*WORK ITEM*. The answer should hold only the lines from the one that contains "Donald Zolan Golden childhood Oil Painting" through the last line of the material, repeated exactly, without pictures.

══ DATASET SECTION

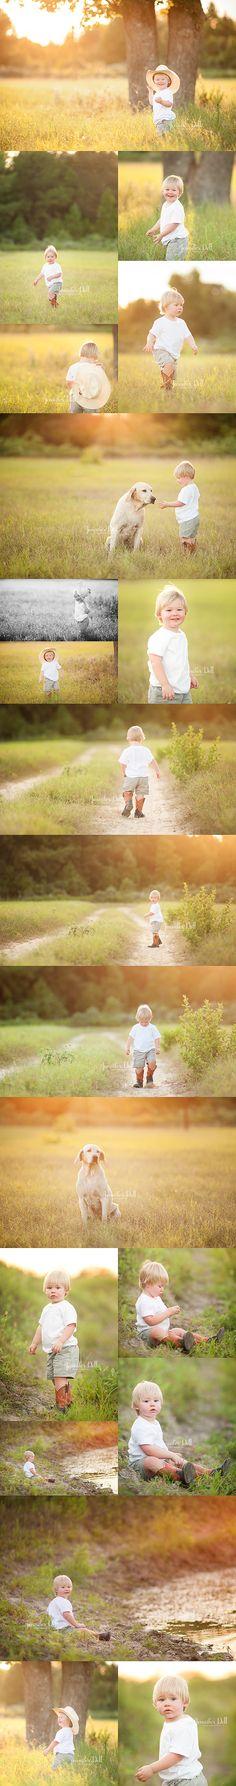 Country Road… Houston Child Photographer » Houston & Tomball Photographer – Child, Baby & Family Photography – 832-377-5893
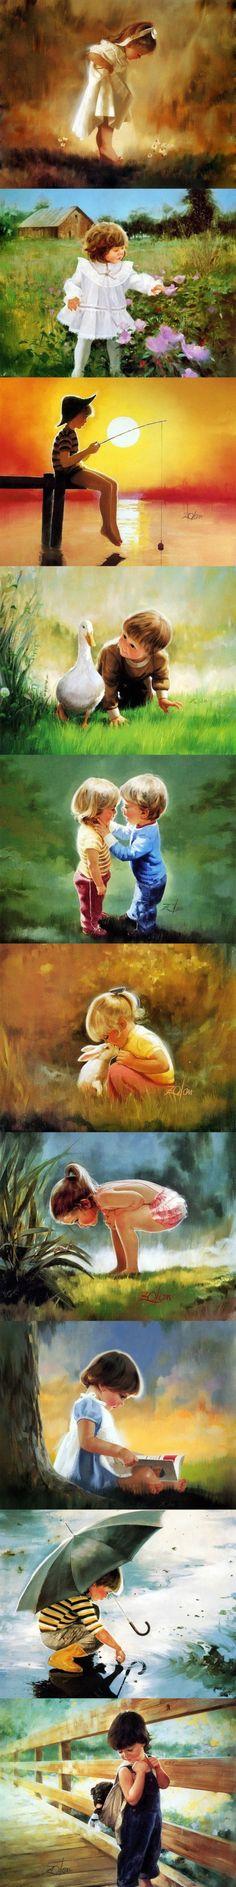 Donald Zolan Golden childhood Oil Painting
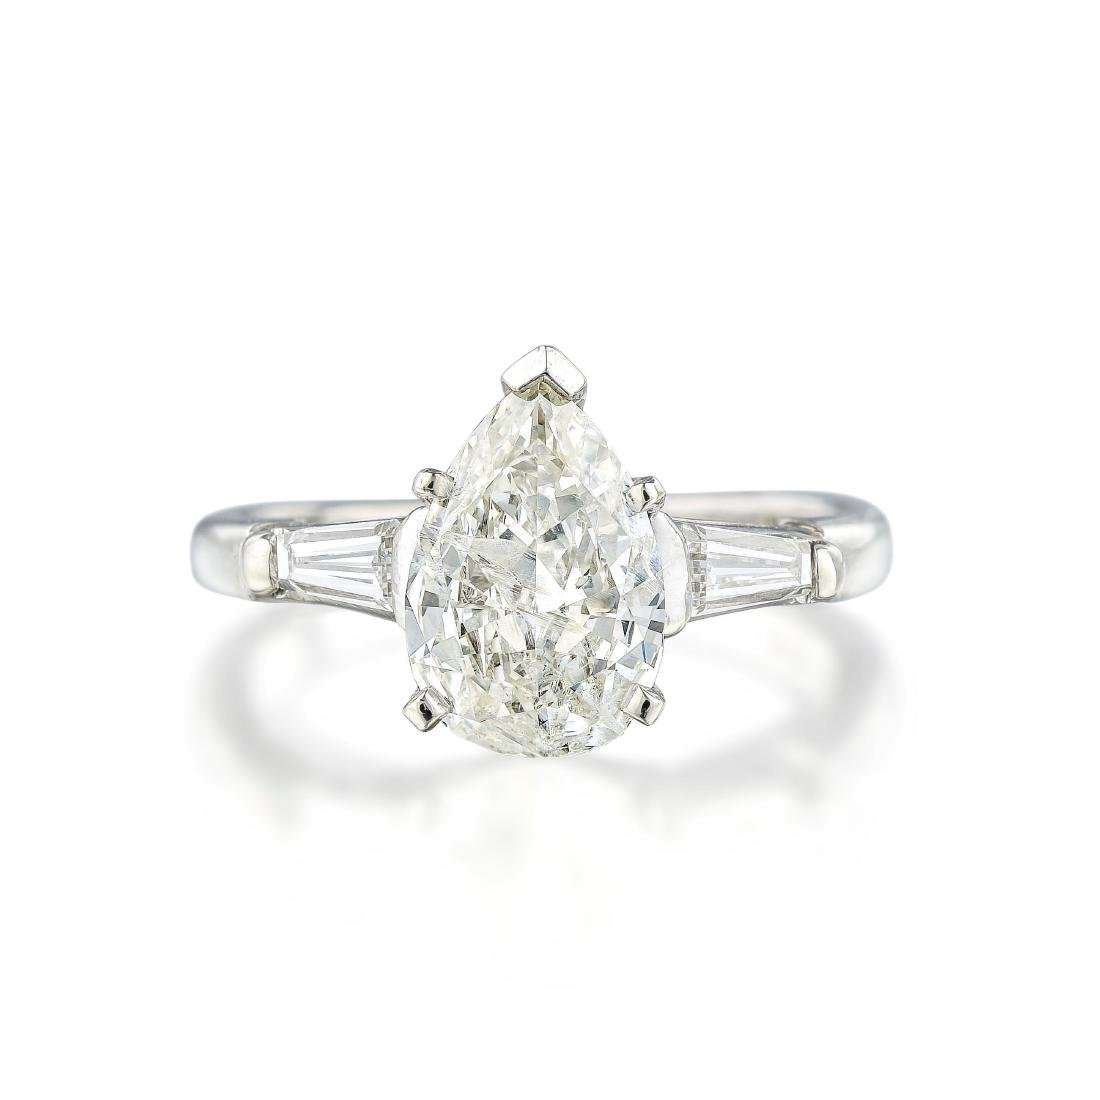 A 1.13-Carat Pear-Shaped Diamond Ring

════

*COMPLETED TASK*.
 Donald Zolan Golden childhood Oil Painting
 A 1.13-Carat Pear-Shaped Diamond Ring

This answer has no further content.